Вешняк сурово прикрикнул на него:
     – Хватит рюмиться, стыдоба мне за тебя. Заворачивай онучки-то. Сперва тканые, а потом заячьи. Шкурки на полатях возьми. А уж теперь и оборами лыковыми подвязывай, да в лапоточки вставляй. Зимой в лаптях тепло, а летом – прохладно. Сам Дед – Зимовик тебе не страшен будет. Да ненадолго идёте-то, отстоим город, и Илейка с  Серафимом возвернут вас. А в монастыре, говорят, калачики больно вкусны, да репку с мёдом парят, сладость! А вот и твои голицы, надевай на руки. Ну, давай присядем на дорожку. А ты, матушка, зря глаза не мочи, а поддержи сыночка, укрепи духом. Да в торбочку-то много не накладывай. Нести будет тяжело. А от меня братии в дар Серафим конопки для киселя понесёт, я ему уже пораньше их отдал.

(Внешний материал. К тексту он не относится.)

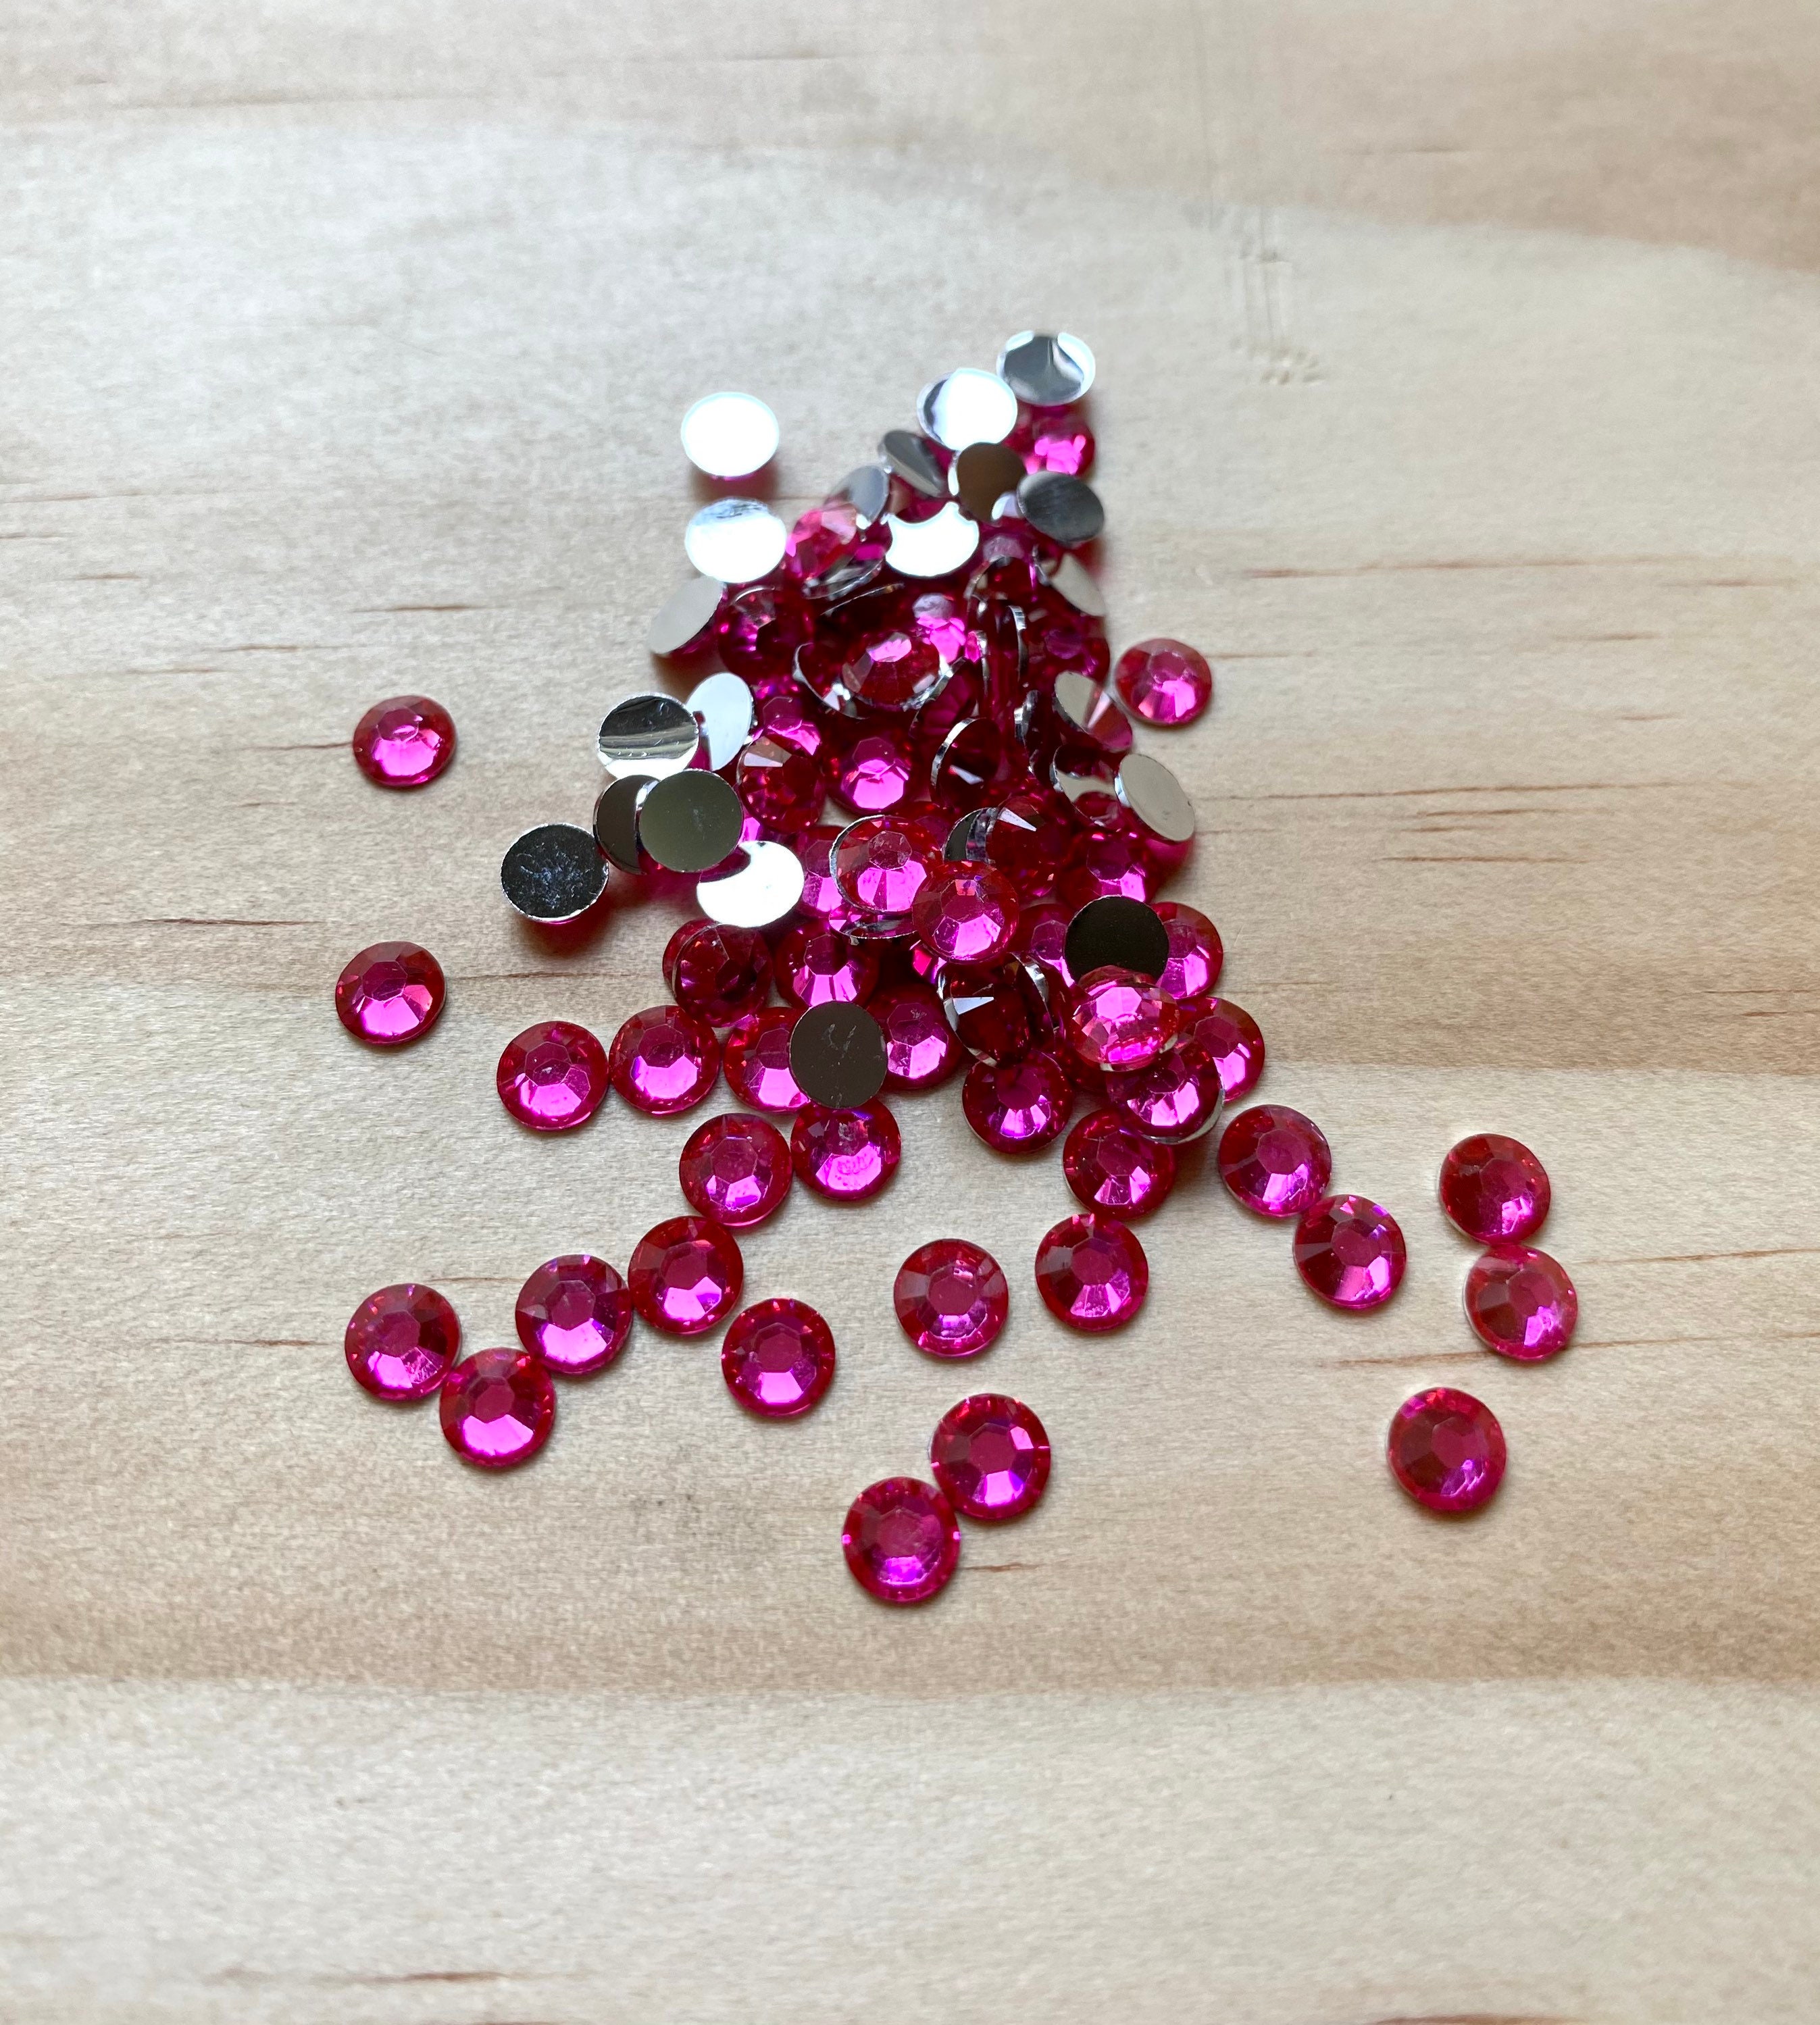 Copper rose Gold Jelly-non-hot Fix Resin  Rhinestones-bling-2mm-3mm-4mm-5mm-6mm-mixed 2m,3m,4m,5m500/1000/3000pcs

     Дмитрий и Милава тоже собирали в дорогу Втора. Отец повесил на шею мальчику двух коников для тавлей из травяного камня, привязанных на конопляную верёвочку.
     – Береги их, сынок. А подрастёшь, вспомни, как я тебя учил работу златаря вершить. Посмотришь на коников – и всё получится.
     Милава отвернулась, закрыв лицо руками. А Дмитрий обнял за плечи Втора и повёл его из дома.
 
     Проворный Ждан сам быстро собрался, подпоясал кожушок кушачком, и с надеждой спросил:
     – Тятя, дозволь топорик с собой забрать и пилку.
Доброслав заулыбался, знал, что сын захочет взять подарки с собой.
     – Топорик я тебе уже и приготовил, жало-то лыком обвернул, чтоб не порезался, на, держи, укрепи за кушаком. А пилку пока не бери. Вернёшься, тогда и попилим.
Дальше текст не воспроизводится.